What to produce →
Print nothing except the lines of the listing below from the line with "Pukkaware Gifting - Pukka" to the line with "长安V51.5L 手动 DK15 标准型行李厢开口范围", each exactly as written, both ends included.

Material for this task →
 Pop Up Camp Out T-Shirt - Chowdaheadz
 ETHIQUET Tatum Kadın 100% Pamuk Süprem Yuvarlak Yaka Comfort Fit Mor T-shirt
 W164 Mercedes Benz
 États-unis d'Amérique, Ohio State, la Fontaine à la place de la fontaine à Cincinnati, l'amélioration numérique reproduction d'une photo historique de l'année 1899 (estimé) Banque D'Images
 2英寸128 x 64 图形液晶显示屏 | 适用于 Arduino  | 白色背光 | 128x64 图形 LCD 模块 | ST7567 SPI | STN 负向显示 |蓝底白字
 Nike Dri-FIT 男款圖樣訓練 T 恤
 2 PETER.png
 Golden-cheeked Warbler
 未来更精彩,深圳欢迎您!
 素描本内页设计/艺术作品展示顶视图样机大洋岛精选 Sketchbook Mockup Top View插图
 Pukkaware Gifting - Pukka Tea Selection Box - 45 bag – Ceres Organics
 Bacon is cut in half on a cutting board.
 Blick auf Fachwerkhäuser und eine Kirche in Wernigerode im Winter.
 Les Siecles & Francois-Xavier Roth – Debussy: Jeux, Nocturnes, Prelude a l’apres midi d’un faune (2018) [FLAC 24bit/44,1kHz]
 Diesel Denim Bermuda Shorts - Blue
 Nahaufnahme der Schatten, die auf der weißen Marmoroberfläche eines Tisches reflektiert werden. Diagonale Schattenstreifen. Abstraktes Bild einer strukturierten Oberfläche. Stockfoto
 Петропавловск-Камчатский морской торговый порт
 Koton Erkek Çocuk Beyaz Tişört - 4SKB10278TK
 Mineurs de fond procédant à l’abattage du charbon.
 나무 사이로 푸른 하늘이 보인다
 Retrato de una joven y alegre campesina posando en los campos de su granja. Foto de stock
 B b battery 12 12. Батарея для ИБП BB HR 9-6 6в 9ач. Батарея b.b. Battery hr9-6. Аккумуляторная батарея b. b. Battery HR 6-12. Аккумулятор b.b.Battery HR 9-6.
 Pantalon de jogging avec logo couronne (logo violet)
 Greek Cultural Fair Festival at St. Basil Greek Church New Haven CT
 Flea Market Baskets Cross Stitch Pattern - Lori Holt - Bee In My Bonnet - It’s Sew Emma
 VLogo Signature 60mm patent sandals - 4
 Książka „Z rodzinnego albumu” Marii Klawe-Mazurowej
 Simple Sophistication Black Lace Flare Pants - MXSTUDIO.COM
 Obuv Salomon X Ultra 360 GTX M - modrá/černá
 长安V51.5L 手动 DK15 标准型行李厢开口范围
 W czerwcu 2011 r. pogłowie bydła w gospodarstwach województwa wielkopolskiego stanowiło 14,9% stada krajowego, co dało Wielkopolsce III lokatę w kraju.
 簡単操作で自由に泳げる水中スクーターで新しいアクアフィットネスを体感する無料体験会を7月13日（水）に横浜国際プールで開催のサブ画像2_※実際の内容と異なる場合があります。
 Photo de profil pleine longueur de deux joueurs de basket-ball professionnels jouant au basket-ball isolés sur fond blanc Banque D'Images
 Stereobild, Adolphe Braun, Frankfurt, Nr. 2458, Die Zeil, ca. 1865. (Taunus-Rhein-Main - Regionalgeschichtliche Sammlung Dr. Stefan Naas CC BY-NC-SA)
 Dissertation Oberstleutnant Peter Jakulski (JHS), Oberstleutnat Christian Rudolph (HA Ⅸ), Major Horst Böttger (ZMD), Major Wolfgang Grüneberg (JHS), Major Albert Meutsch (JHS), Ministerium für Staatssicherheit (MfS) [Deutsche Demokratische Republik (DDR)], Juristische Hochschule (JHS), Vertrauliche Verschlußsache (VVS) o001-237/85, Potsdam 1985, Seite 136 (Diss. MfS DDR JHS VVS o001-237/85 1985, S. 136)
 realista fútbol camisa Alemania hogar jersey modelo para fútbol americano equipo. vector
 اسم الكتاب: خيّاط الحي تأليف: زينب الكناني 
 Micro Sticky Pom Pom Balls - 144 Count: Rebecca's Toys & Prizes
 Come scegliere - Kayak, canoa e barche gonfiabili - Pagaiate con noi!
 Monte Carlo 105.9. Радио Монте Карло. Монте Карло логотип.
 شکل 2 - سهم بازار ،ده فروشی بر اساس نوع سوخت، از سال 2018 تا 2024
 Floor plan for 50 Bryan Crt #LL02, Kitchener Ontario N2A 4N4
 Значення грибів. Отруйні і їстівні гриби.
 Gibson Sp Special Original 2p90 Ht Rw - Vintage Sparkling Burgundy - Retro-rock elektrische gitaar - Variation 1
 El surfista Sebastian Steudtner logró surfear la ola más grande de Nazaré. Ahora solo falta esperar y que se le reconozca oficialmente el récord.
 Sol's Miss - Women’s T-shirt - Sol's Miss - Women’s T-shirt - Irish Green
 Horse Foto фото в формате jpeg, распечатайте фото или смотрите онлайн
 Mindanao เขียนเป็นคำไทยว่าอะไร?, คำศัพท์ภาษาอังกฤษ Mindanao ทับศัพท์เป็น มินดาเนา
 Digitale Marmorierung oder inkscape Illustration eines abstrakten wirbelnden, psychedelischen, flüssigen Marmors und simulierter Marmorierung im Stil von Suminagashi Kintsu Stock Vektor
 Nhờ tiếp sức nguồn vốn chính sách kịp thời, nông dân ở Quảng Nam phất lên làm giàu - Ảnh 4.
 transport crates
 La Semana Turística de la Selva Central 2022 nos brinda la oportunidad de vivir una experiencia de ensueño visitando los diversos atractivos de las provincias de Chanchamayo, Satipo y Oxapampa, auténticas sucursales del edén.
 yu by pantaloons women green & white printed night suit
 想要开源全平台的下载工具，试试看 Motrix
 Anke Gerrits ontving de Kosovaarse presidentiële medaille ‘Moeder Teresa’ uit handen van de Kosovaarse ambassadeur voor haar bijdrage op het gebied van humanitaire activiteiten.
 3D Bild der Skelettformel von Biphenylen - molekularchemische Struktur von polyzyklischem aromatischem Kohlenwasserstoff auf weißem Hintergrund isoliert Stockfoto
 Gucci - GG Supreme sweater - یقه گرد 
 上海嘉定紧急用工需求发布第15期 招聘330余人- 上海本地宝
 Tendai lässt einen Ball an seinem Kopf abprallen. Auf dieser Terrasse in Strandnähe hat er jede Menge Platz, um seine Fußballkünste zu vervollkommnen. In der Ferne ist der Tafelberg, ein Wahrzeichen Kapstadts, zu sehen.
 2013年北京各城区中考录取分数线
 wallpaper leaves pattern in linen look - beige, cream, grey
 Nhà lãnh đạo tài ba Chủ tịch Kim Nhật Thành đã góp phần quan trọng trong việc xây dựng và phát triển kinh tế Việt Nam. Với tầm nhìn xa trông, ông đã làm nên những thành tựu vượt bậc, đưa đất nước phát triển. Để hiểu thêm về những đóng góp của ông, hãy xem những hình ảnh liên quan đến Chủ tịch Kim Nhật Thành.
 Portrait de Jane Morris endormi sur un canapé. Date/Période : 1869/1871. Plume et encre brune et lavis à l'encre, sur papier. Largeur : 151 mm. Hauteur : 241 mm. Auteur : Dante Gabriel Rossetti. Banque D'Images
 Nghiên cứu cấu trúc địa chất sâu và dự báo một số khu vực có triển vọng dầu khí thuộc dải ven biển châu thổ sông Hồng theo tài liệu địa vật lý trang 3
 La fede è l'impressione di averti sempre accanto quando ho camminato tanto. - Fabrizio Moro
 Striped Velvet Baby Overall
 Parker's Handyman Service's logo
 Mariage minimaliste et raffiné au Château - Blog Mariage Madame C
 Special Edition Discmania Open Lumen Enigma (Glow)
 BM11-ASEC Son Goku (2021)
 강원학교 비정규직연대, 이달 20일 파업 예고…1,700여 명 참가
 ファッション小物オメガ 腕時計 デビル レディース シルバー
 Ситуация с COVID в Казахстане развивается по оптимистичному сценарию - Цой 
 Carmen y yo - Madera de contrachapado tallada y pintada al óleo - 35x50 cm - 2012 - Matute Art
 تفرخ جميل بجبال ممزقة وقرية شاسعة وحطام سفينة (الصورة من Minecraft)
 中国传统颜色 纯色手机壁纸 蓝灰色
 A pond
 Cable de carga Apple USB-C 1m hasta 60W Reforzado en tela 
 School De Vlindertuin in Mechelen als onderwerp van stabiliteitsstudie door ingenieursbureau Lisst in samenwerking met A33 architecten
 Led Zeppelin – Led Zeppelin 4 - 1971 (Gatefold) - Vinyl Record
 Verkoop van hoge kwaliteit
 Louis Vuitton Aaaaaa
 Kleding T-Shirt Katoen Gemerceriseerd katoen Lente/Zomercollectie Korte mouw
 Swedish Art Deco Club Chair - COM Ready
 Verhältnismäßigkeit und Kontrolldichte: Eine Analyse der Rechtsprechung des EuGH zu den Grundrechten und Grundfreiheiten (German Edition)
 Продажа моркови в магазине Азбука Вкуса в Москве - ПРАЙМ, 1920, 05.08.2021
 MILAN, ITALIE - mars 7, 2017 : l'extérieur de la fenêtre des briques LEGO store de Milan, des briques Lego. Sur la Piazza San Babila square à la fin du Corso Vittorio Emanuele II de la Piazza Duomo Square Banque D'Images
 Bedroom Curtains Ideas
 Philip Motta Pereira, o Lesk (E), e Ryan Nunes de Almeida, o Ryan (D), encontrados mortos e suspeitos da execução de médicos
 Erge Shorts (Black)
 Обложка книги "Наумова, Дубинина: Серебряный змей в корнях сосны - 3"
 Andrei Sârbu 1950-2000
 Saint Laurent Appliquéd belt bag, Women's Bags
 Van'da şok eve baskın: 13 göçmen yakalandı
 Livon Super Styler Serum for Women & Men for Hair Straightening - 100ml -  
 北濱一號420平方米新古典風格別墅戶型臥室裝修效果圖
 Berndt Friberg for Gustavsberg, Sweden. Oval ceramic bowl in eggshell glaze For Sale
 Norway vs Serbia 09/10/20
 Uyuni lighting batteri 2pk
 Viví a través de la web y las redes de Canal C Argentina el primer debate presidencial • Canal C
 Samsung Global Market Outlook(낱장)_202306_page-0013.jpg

Task solution →
 Pukkaware Gifting - Pukka Tea Selection Box - 45 bag – Ceres Organics
 Bacon is cut in half on a cutting board.
 Blick auf Fachwerkhäuser und eine Kirche in Wernigerode im Winter.
 Les Siecles & Francois-Xavier Roth – Debussy: Jeux, Nocturnes, Prelude a l’apres midi d’un faune (2018) [FLAC 24bit/44,1kHz]
 Diesel Denim Bermuda Shorts - Blue
 Nahaufnahme der Schatten, die auf der weißen Marmoroberfläche eines Tisches reflektiert werden. Diagonale Schattenstreifen. Abstraktes Bild einer strukturierten Oberfläche. Stockfoto
 Петропавловск-Камчатский морской торговый порт
 Koton Erkek Çocuk Beyaz Tişört - 4SKB10278TK
 Mineurs de fond procédant à l’abattage du charbon.
 나무 사이로 푸른 하늘이 보인다
 Retrato de una joven y alegre campesina posando en los campos de su granja. Foto de stock
 B b battery 12 12. Батарея для ИБП BB HR 9-6 6в 9ач. Батарея b.b. Battery hr9-6. Аккумуляторная батарея b. b. Battery HR 6-12. Аккумулятор b.b.Battery HR 9-6.
 Pantalon de jogging avec logo couronne (logo violet)
 Greek Cultural Fair Festival at St. Basil Greek Church New Haven CT
 Flea Market Baskets Cross Stitch Pattern - Lori Holt - Bee In My Bonnet - It’s Sew Emma
 VLogo Signature 60mm patent sandals - 4
 Książka „Z rodzinnego albumu” Marii Klawe-Mazurowej
 Simple Sophistication Black Lace Flare Pants - MXSTUDIO.COM
 Obuv Salomon X Ultra 360 GTX M - modrá/černá
 长安V51.5L 手动 DK15 标准型行李厢开口范围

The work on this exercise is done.